**Instructions for the task**
Omit the pictures and retype only the lines from the one containing "Ilusa väljanägemisega burger" through the end of the listing, both ends included.

**Supplied information**
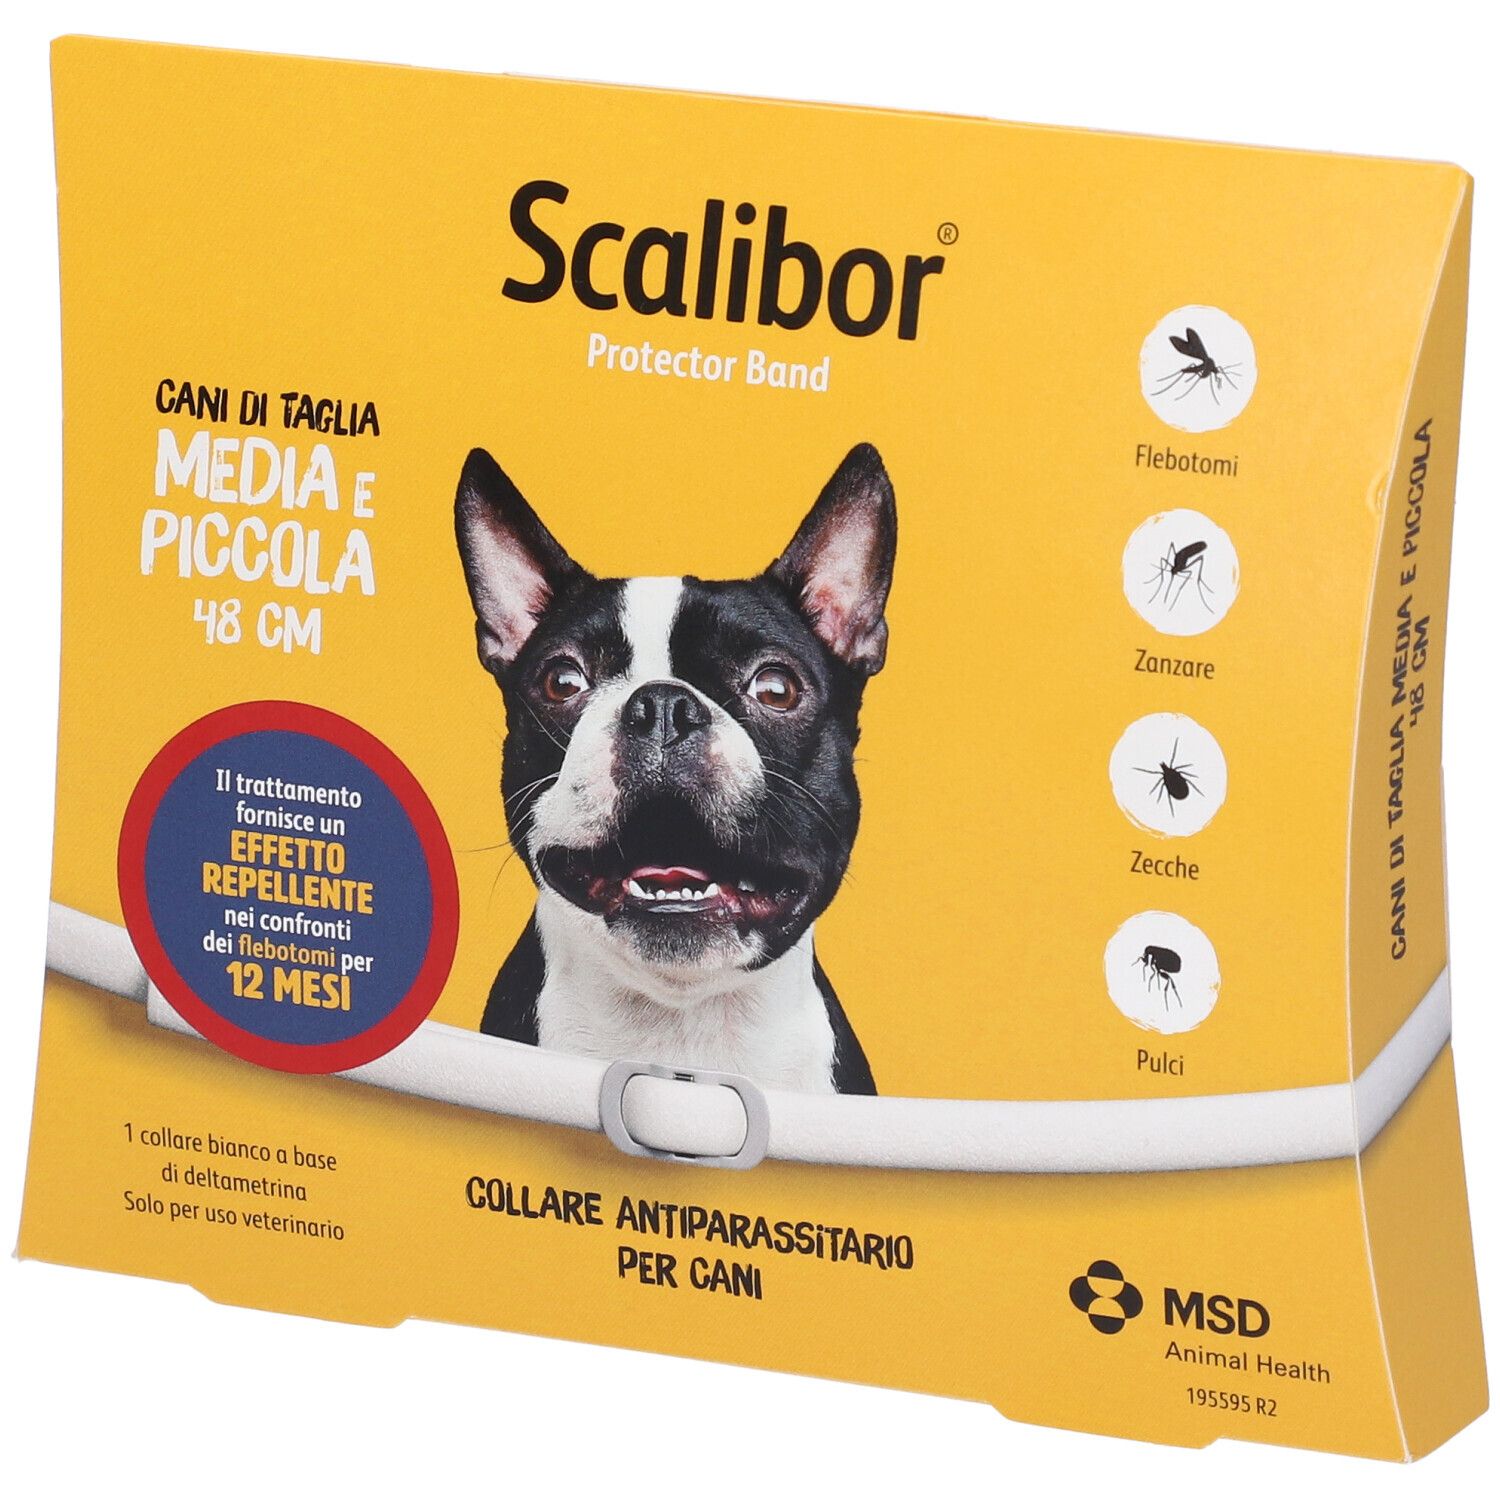 msd animal health srl scalibor protectorband collare antiparassitario per cani taglia medio/piccola 48cm
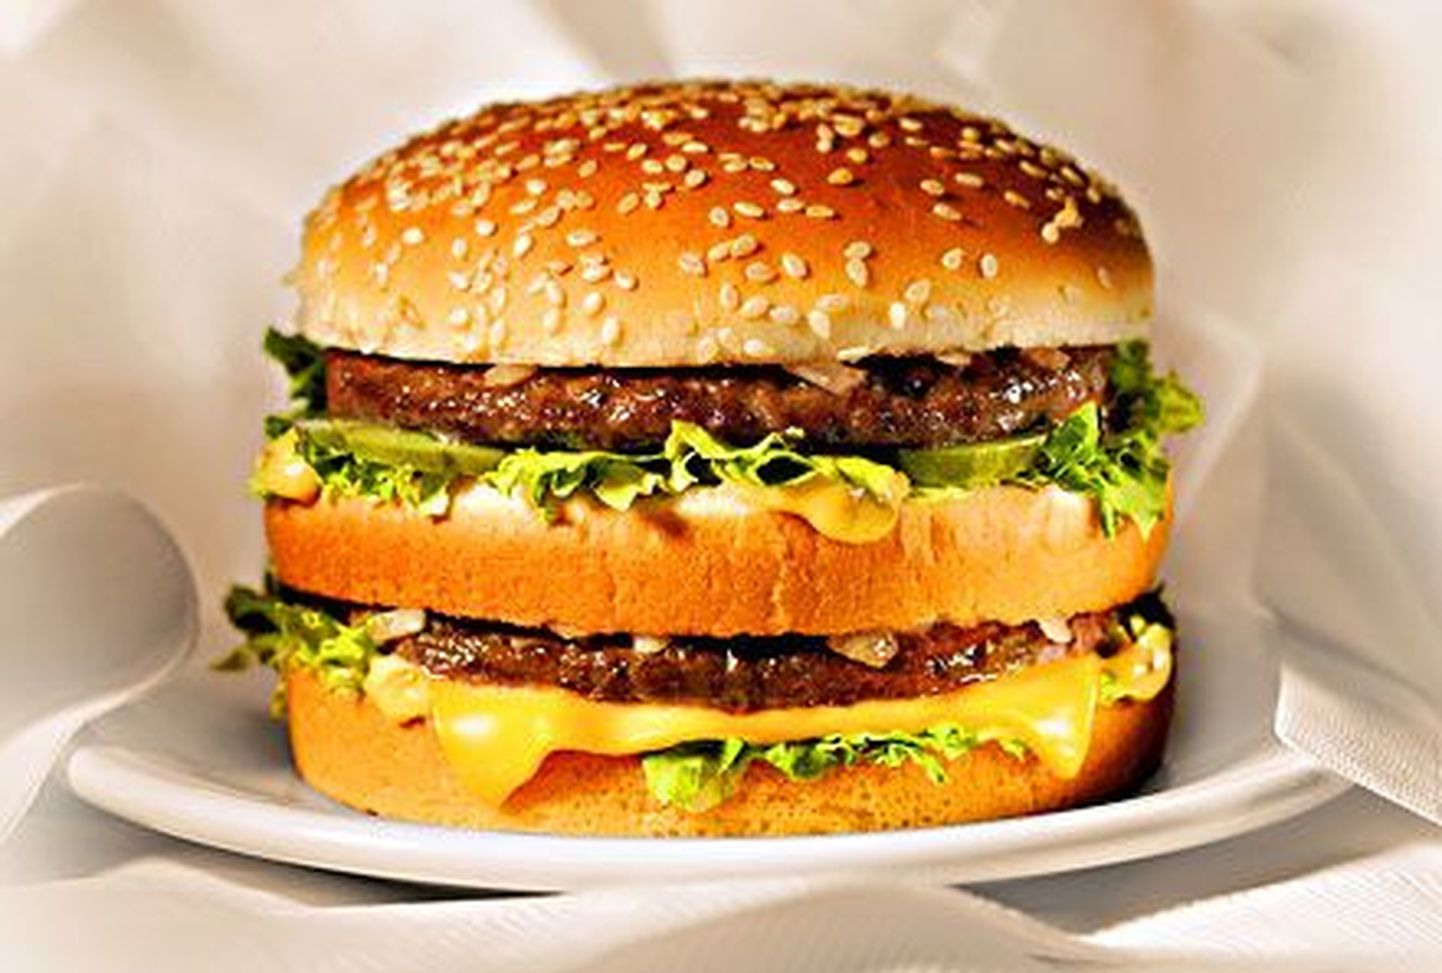 Ilusa väljanägemisega burger kutsub kõiki sööma.
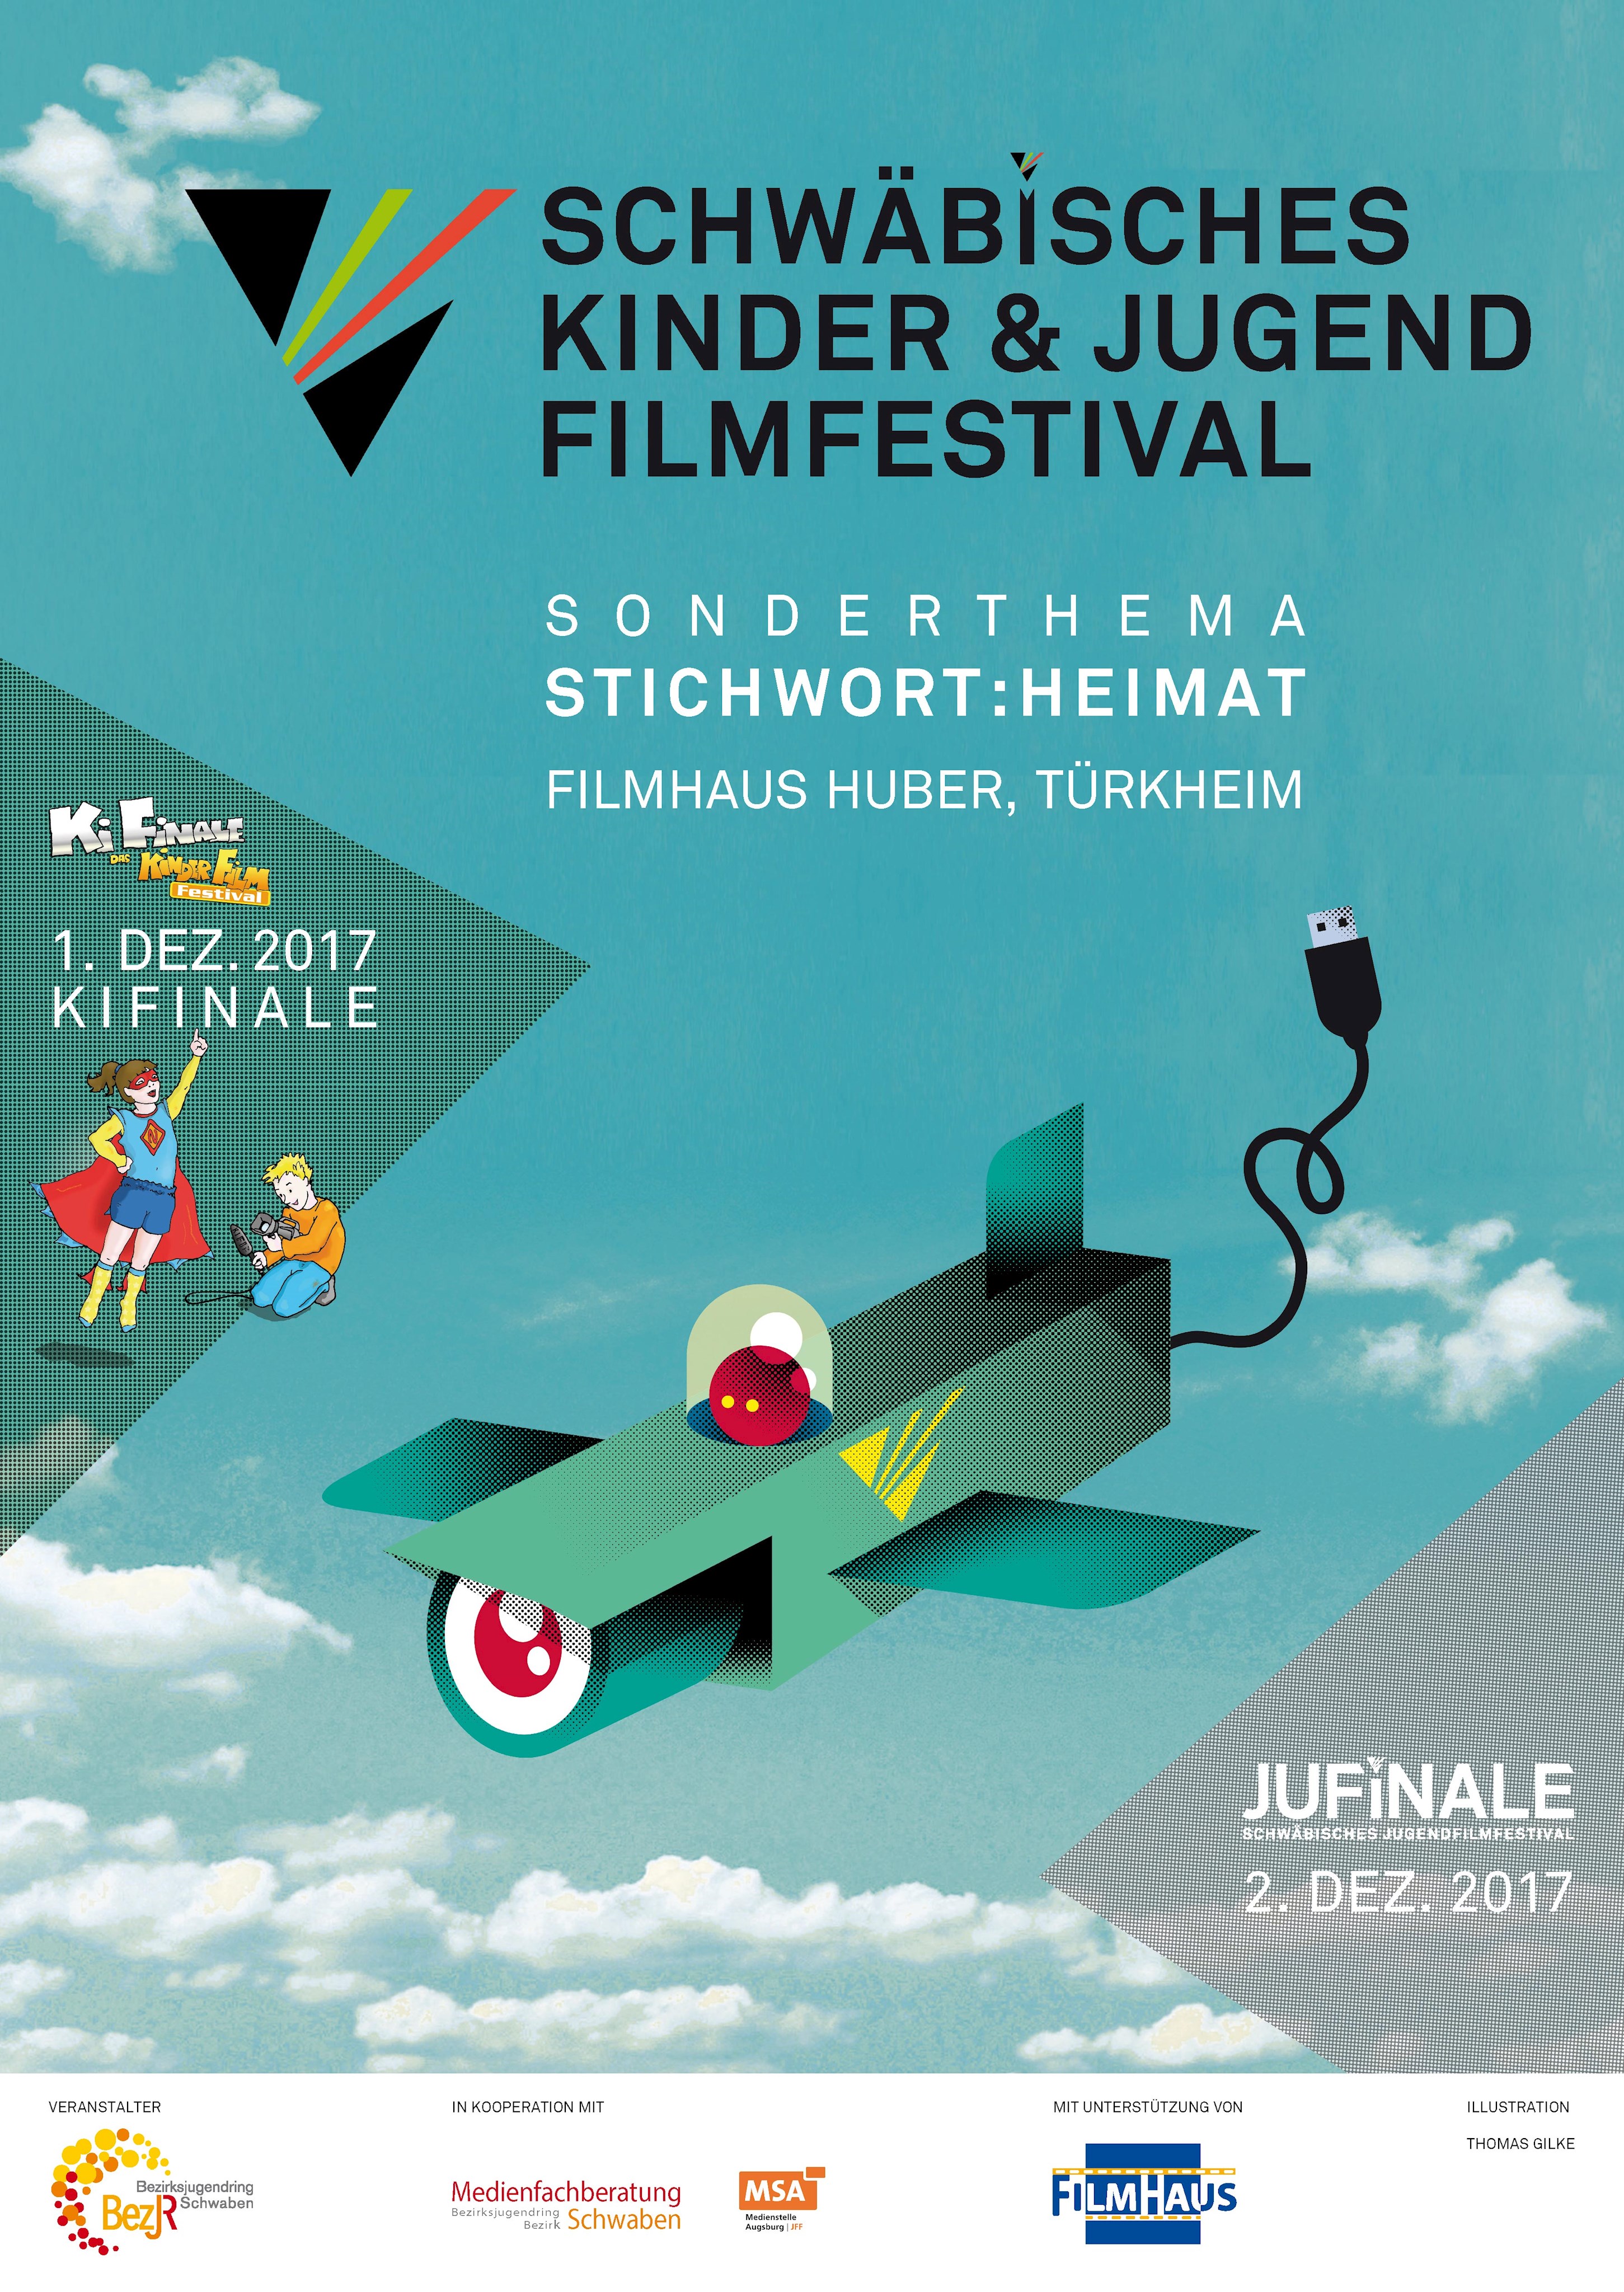 Plakat-Motiv des Schwäbischen Kinder & Jugend Filmfestivals 2017: ein grünes Flugzeug vor blauem Himmel, darüber das Logo des Festivals

**Task output**
 Ilusa väljanägemisega burger kutsub kõiki sööma.
 Plakat-Motiv des Schwäbischen Kinder & Jugend Filmfestivals 2017: ein grünes Flugzeug vor blauem Himmel, darüber das Logo des Festivals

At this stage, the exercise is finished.